The presence of a thermal spring in the oasis is in fact renowned since long; and in contemporary times the place —drawing its name from Sidi Harazem, a Sufi theologian who was buried there — would display itself to the architect as a havre de paix, hosting the saint’s grave, the rammed earth huts of a local farmers’ community, and three large basins where men, women and children could go for thermal baths. The place was always bustling with people: the presence of the saint is the reason for a moussem, a great yearly celebration, and the spring attracts a constant wave of inland tourism.
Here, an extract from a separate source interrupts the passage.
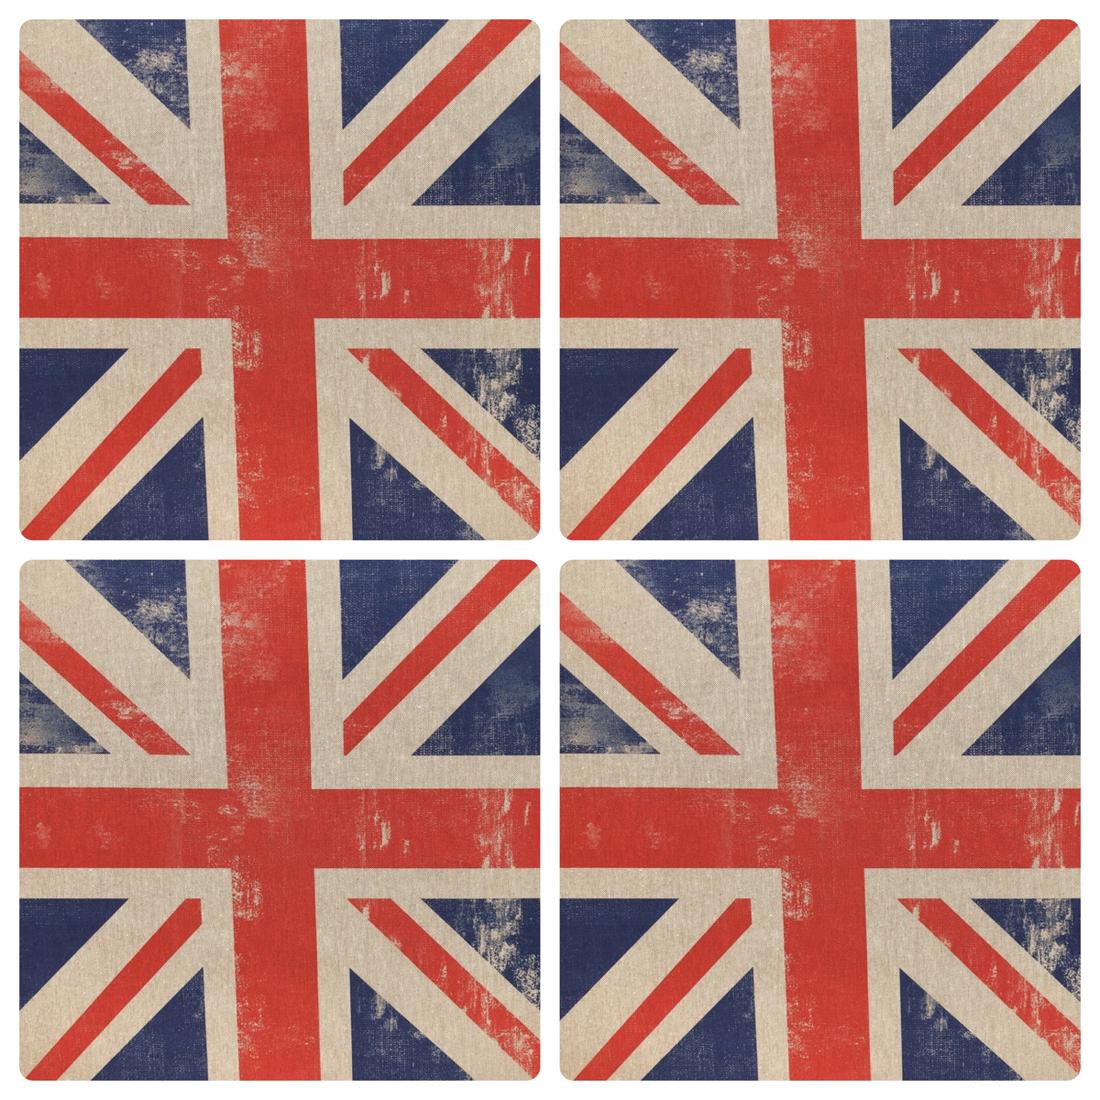 Special Offer! 4 Union Jack Rustic Cushion Panels

At the heyday of independence, in fact, a new attention is given to seaside euro—inspired tourism (Club Méditéranée developing etc. ), the value of coasts is consequently maximized, and those die—hard rhetorics depicting Morocco as a porte ouverte sur l’exotisme are given a huge revamp. Still. the government and  the Caisse de Dépôt et de Gestion, with the support of World Bank, worked together for a parallel development of inland tourism, for locals, and thermal tourism would be one of the most powerful engines for such kind of use of the land.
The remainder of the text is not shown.